Since logging is an optional feature in many cases, it doesn't make much sense to have the application expect and handle such exceptions or die.

The attached patch solves this particular problem, but os.makedirs() could be called via a different path, so I think it's better to revisit the entire failure mode in this module.

I'm giving this ticket to Jerry.

Subtickets

Attachments (2)

log.diff (459 bytes) - added by jinmei 9 years ago.
log_patch.diff (6.9 KB) - added by zzchen_pku 9 years ago.

Download all attachments as: .zip

Change History (21)

Changed 9 years ago by jinmei

comment:1 Changed 9 years ago by zzchen_pku

  • Status changed from new to accepted

Thanks, Jinmei.
I'll look through it.

comment:2 follow-up: Changed 9 years ago by zzchen_pku

  • Owner changed from zzchen_pku to jinmei
  • Status changed from accepted to reviewing

I think this patch should be ok.
Jinmei, can you review it?
Thanks.

comment:3 in reply to: ↑ 2 ; follow-up: Changed 9 years ago by jinmei

Replying to zzchen_pku:

I think this patch should be ok.
Jinmei, can you review it?

First off, add tests please:-)

Comments on the patch:

  • I'm not sure why the second chunk of patch performs various tests (e.g., whether the file is writable). if we need them here, shouldn't we need them in other places including the constructor? Also, update_config() itself doesn't seem to perform system level operations, so I'm not sure if we need to create the directory here.
  • for that matter, I'm not even sure if we need to bother to create the directory beforehand. It may or may not be a good thing, but since it's an extension to python's library behavior, I'd like to see documentation about which policy is adopted and why. Then that policy should be applied consistently throughout this module (see the first bullet about consistency)
  • not necessarily about the patch, but relevant to the issue of this ticket: NSFileLogHandler.shouldRollover() can also call os.makedirs(), and it can raise an exception, right? What should we do with this?
  • since the underlying logging facility can raise an exception, I'm not sure if it makese sense to try catching exceptions one by one. We should probably catch exceptions in a wider context, e.g., on initialization and in NSLogger.log_message(), and perhaps when updating the configuration.

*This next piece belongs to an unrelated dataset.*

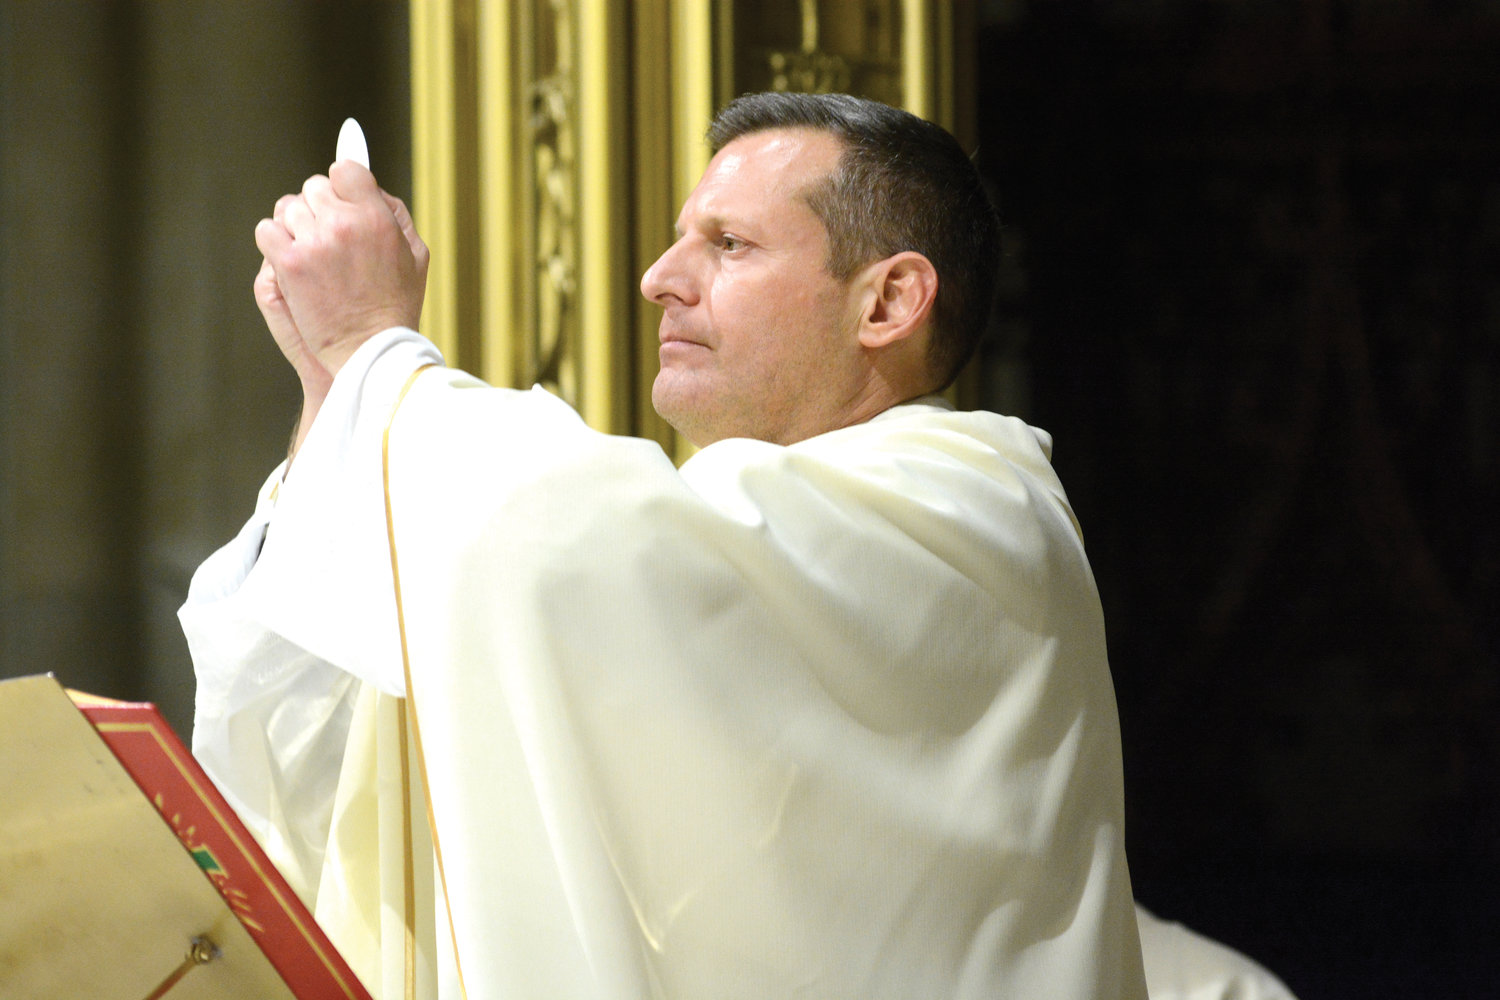 El padre Enrique Salvo, rector de la Catedral de San Patricio consagra la eucaristía el 5 de diciembre durante la misa anual en honor a la Inmaculada Concepción de María, La Purísima.
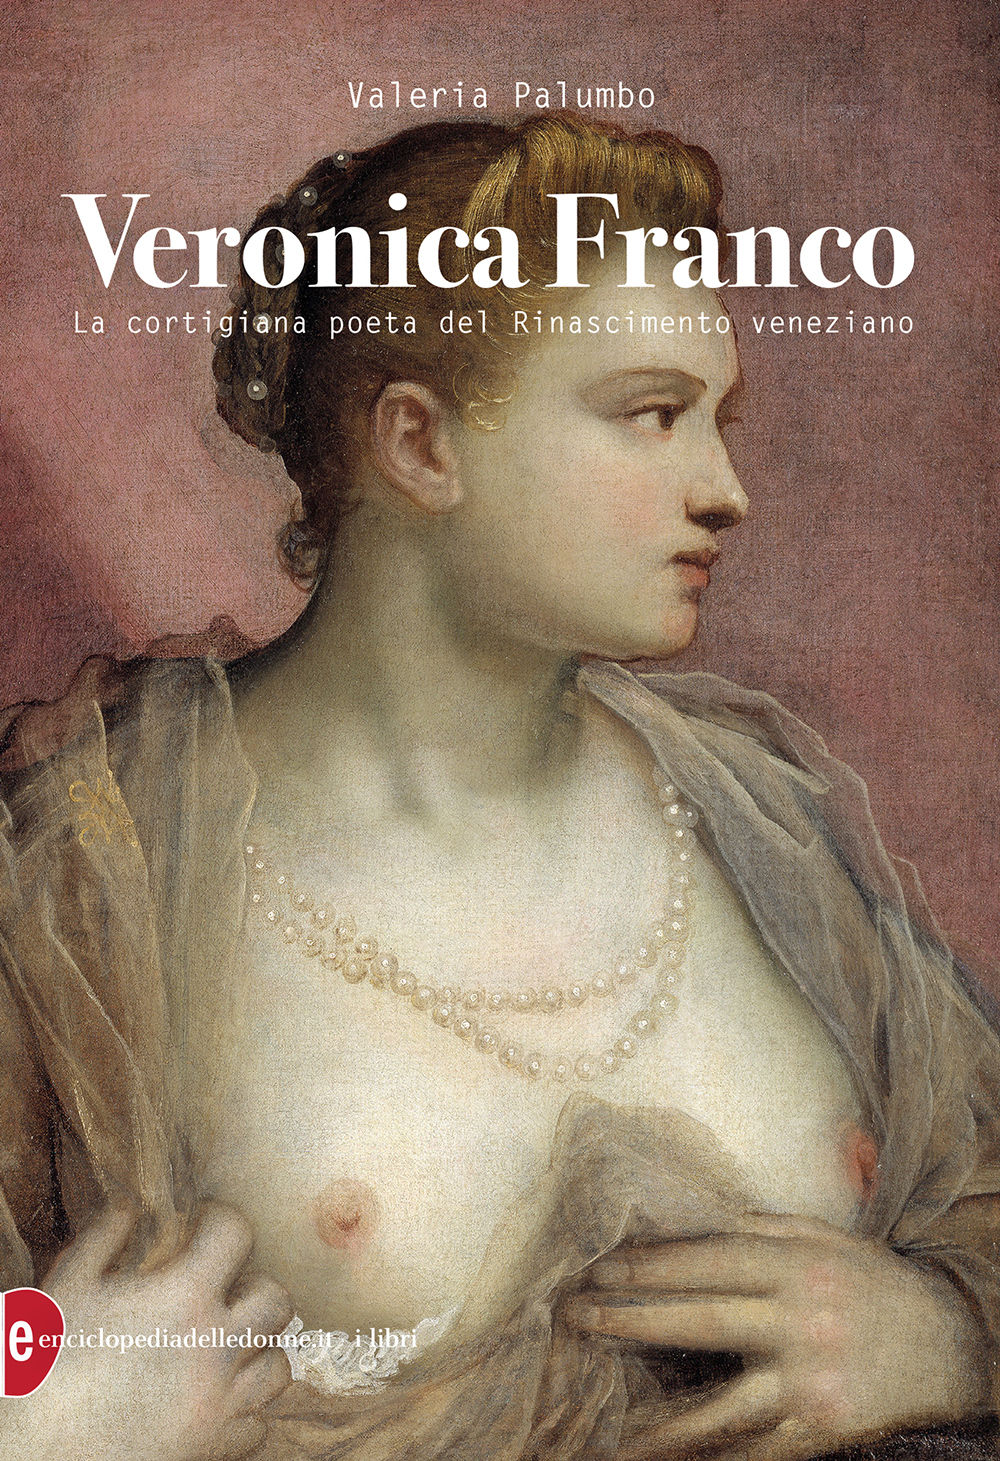 copertina di: Veronica Franco La cortigiana poeta del Rinascimento veneziano Valeria Palumbo

comment:4 Changed 9 years ago by jinmei

  • Owner changed from jinmei to zzchen_pku

comment:5 follow-up: Changed 9 years ago by jinmei

One more thing: while I believe it's better to keep running even if a systm level error (file is non writable, etc) occurs with logging, it would also be nice if we could report the error in some way. In particular, if stderr is writable, reporting it there at initialization time would be helpful (an error that happens in writing logs may not be effectively reportable, but I think we can live with that).

Dying due to an error for an optional feature isn't good, but silently ignoring errors is not good either.

comment:6 in reply to: ↑ 3 Changed 9 years ago by zzchen_pku

Replying to jinmei:

First of all, thank you very much for your specific suggestions.

First off, add tests please:-)

Ok.

Comments on the patch:

  • I'm not sure why the second chunk of patch performs various tests (e.g., whether the file is writable). if we need them here, shouldn't we need them in other places including the constructor? Also, update_config() itself doesn't seem to perform system level operations, so I'm not sure if we need to create the directory here.
  • for that matter, I'm not even sure if we need to bother to create the directory beforehand. It may or may not be a good thing, but since it's an extension to python's library behavior, I'd like to see documentation about which policy is adopted and why. Then that policy should be applied consistently throughout this module (see the first bullet about consistency)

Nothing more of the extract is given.